Emergency Management: Importance of Managing Risk to Critical Infrastructure and Public Assets
Laurence CarterNovember 30, 2020
Over the past decade, many of the largest natural disasters across the globe have also been associated with either damaged or failed critical infrastructure. The 2011 Tōhoku Earthquake and tsunami led to an major incident at the Fukushima Daiichi nuclear power plant, requiring the long-term evacuation of 160,000 citizens from contaminated areas. Following Hurricane Sandy in October 2012, over eight million customers were without power across the northeastern U.S. after the failure of the electricity grid. Sometimes, failed infrastructure is pinpointed as the cause of a disaster – with the 2018 Camp Fire in Northern California, the ignition occurred due to a faulty electric transmission line.

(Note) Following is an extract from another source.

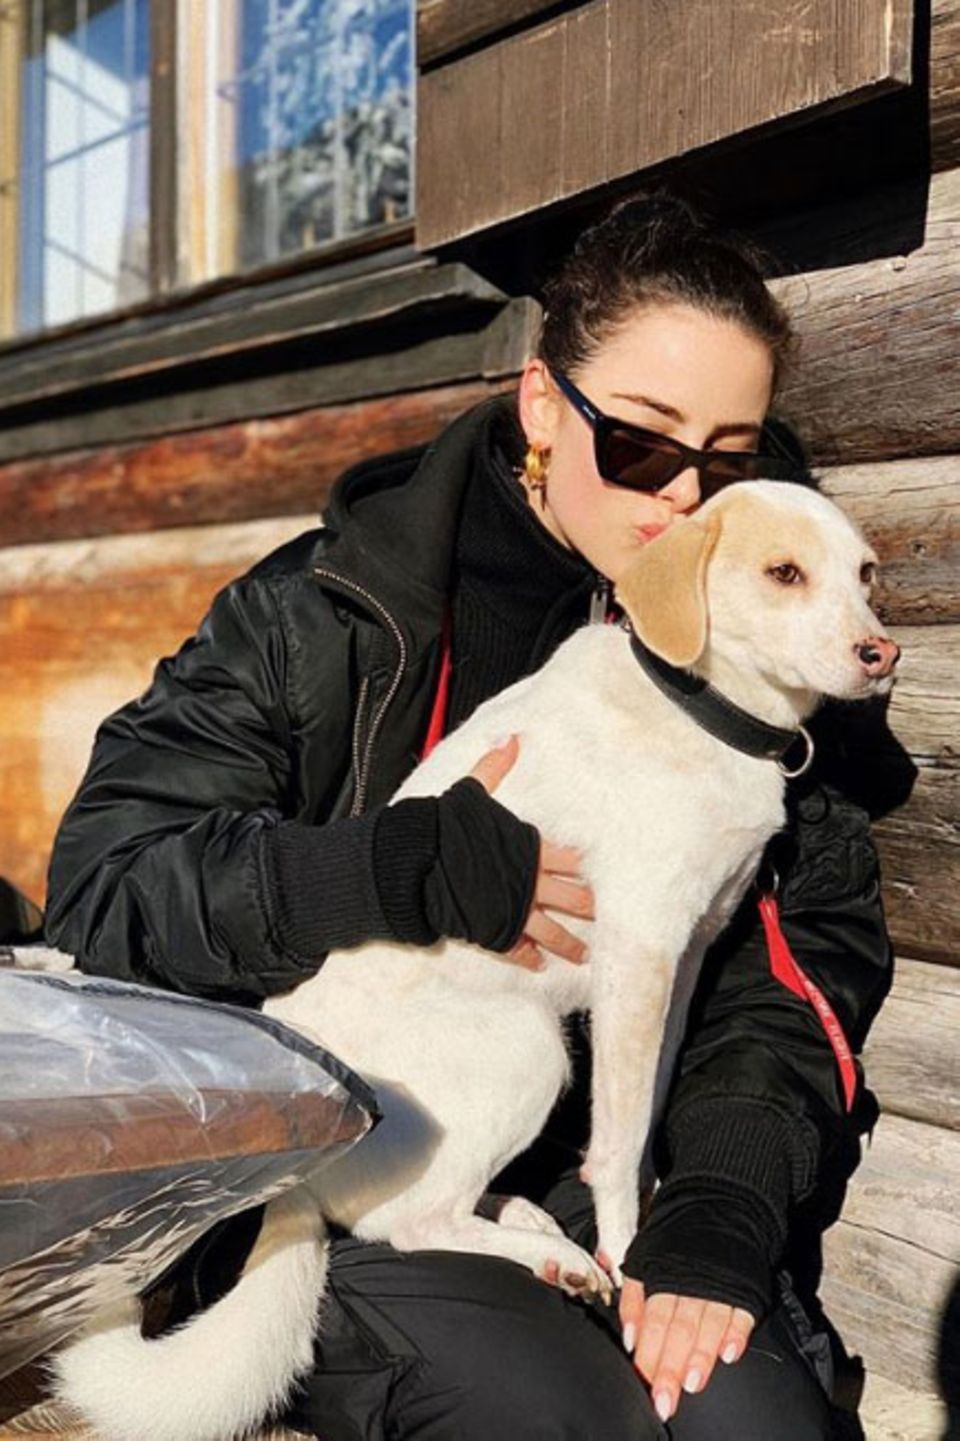 Lena Meyer-Landrut verbringt am liebsten Zeit mit ihrem Hund Kiwi, wie hier während ihres entspannten Winterurlaubs in den Bergen.

Managing emergencies is always exceptionally challenging, but with an ongoing global pandemic, emergency managers working for cities, counties, or states across the U.S. have faced new operational stresses in how to minimize community impacts from natural disasters to infrastructure. One example I would like to highlight was from the end of August this year. Hurricane Laura caused an estimated insured loss of US$9 billion to US$13 billion, damaging large numbers of buildings and leaving around 900,000 customers without power. Damage from Laura caused a chlorine leak and a subsequent large fire at the KIK Custom Products chemicals plant near Lake Charles, Louisiana. Smoke and chlorine gas spread to the surrounding community, and the state’s governor advised citizens to close windows and turn off air conditioners in response to the pollution.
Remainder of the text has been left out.